The Global Earthquake Model (GEM) Foundation in Pavia, Italy, featured in Eos last year, led an effort to develop an open seismic hazard and exposure model for the continent in collaboration with AfricaArray, a public-private partnership supporting training and research in Earth, atmospheric, and space sciences in Africa.
The group went on to develop a more comprehensive exposure model for all natural hazards and recently published a paper about it in the International Journal of Disaster Risk Reduction.
Risks of Rapid Urbanization
Disaster risk is an increasingly relevant issue for cities around the world, said Nicole Paul, a seismic risk modeler at GEM and lead author of the new study. Logistics and diverse demographics can make disaster response complex, and risk modeling must incorporate those factors.
Cities provide economic opportunities, but rapid growth can pose challenges to ensuring adequate infrastructure and housing. In locations where urban planning fails to keep pace, slums and overcrowded communities are likely to proliferate. Overcrowded communities are often accompanied by a higher vulnerability to damage, losses, and displacement following natural hazards, Paul explained.

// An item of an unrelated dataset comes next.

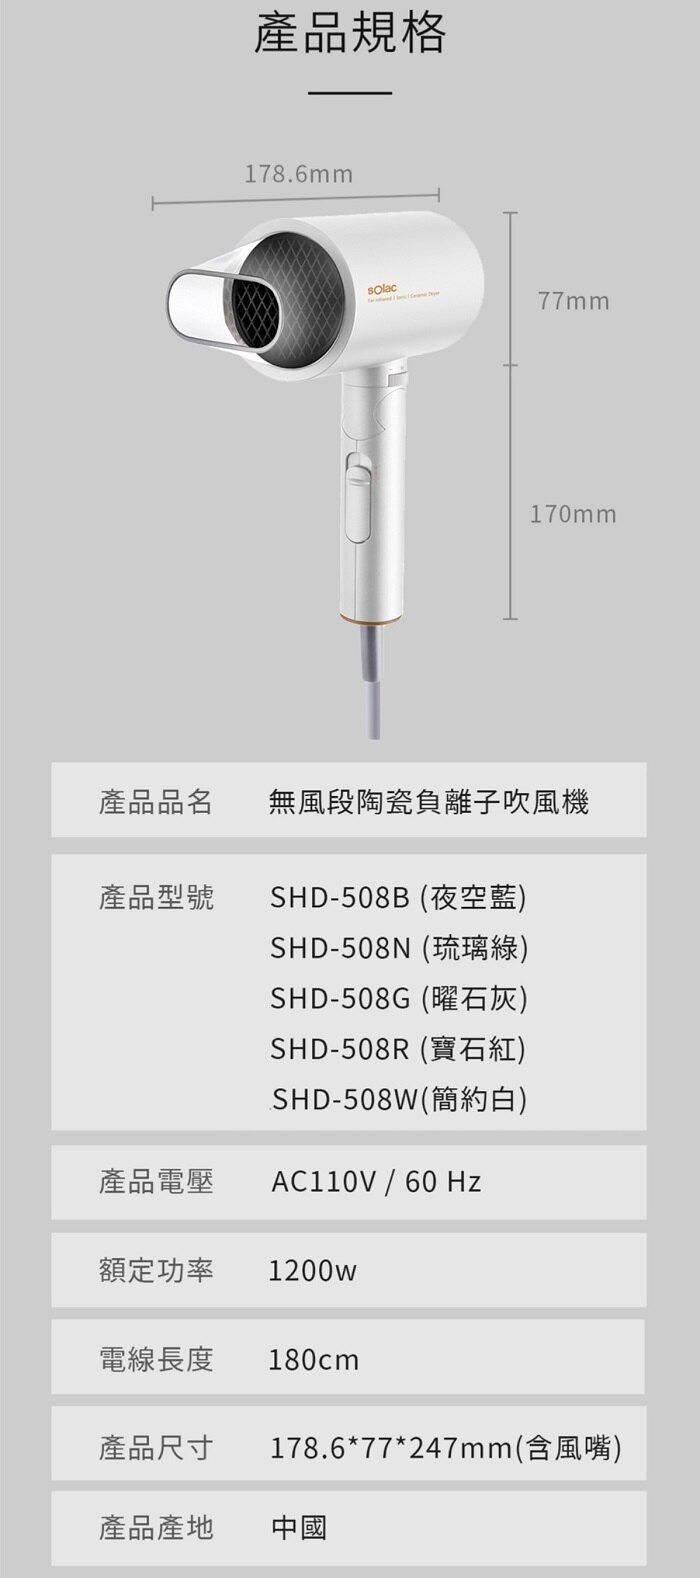 Solac 負離子生物陶瓷吹風機 SHD-508規格介紹。

Africa is home to some of the world’s fastest-growing urban areas, including the megacities of Kinshasa, Democratic Republic of the Congo, and Lagos, Nigeria, both of which have populations of more than 15 million. The continent also has almost 2 dozen cities with populations between 1 million and 2 million.
Many of these growing cities, like Addis Ababa, Ethiopia; Bujumbura, Burundi; and Lilongwe, Malawi, are exposed to moderately high seismicity given their proximity to the East African Rift System.

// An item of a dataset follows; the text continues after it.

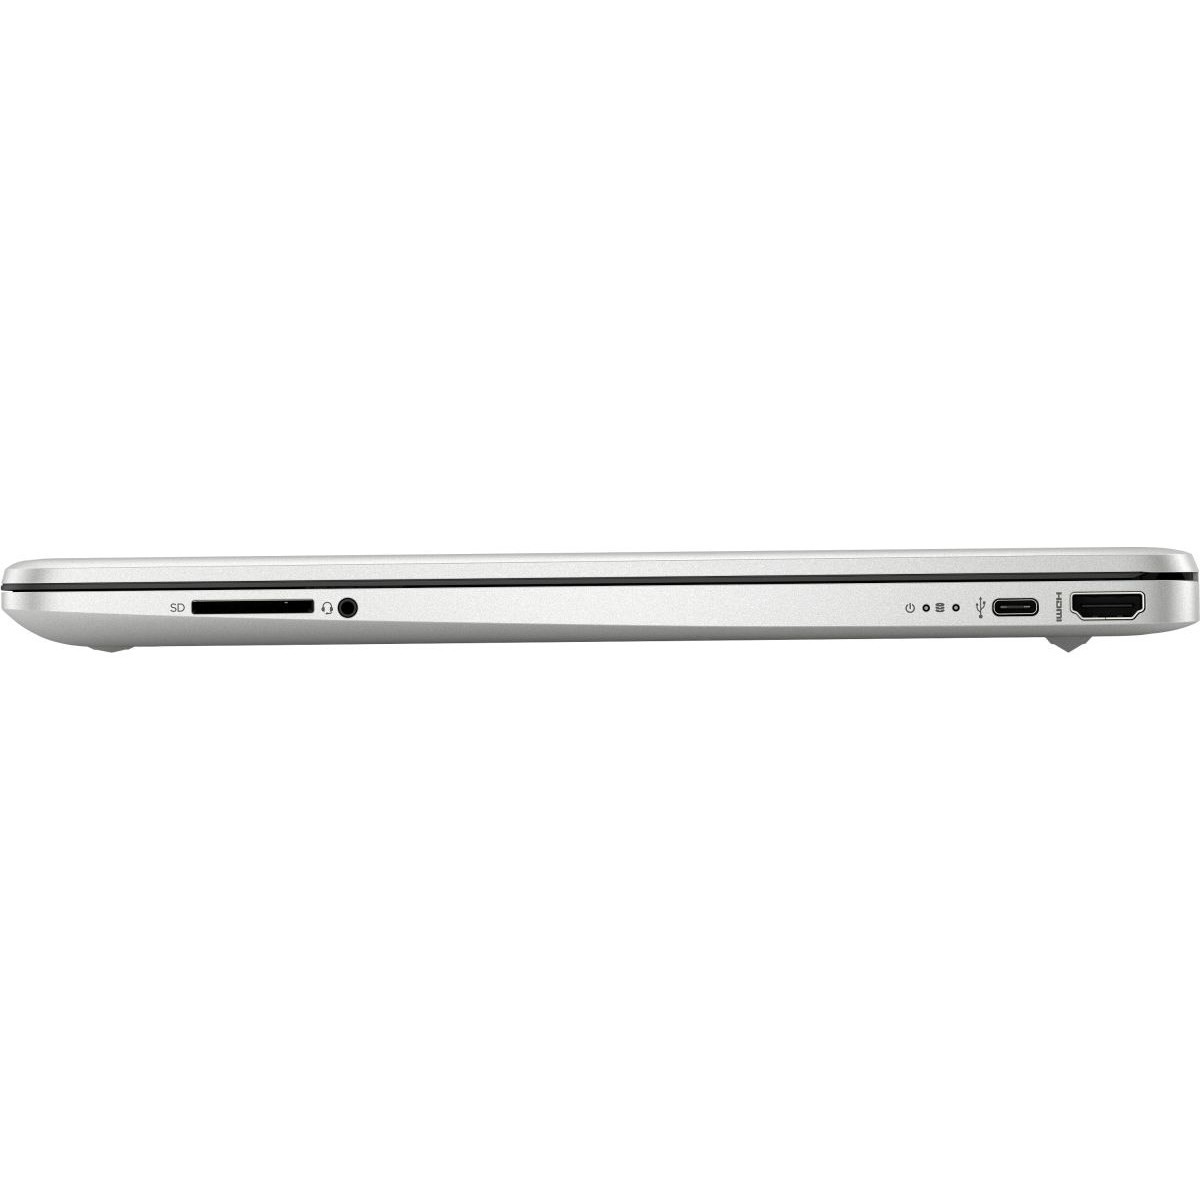 Ноутбук Hp 15s Eq1352ur 475q4ea Цена

These cities are made vulnerable by “development in hazard-prone areas such as in floodplains, [as well as by] poor drainage management systems, or a lack of building code enforcement that would otherwise mitigate damage due to hazards such as earthquakes and fires,” Paul said.
Developing the Model
Modeling disaster risk in Africa and investing in disaster response planning is crucial, said Paul and her colleagues at GEM. “Investments and planning decisions made in the near term will shape disaster risk experienced by current and future residents of African cities, a population estimated to reach 1.3 billion by 2050,” she said.
More sophisticated risk modeling is especially relevant, with countries such as Angola, Niger, Somalia, and Tanzania anticipated to double their number of buildings by 2050, according to the new research.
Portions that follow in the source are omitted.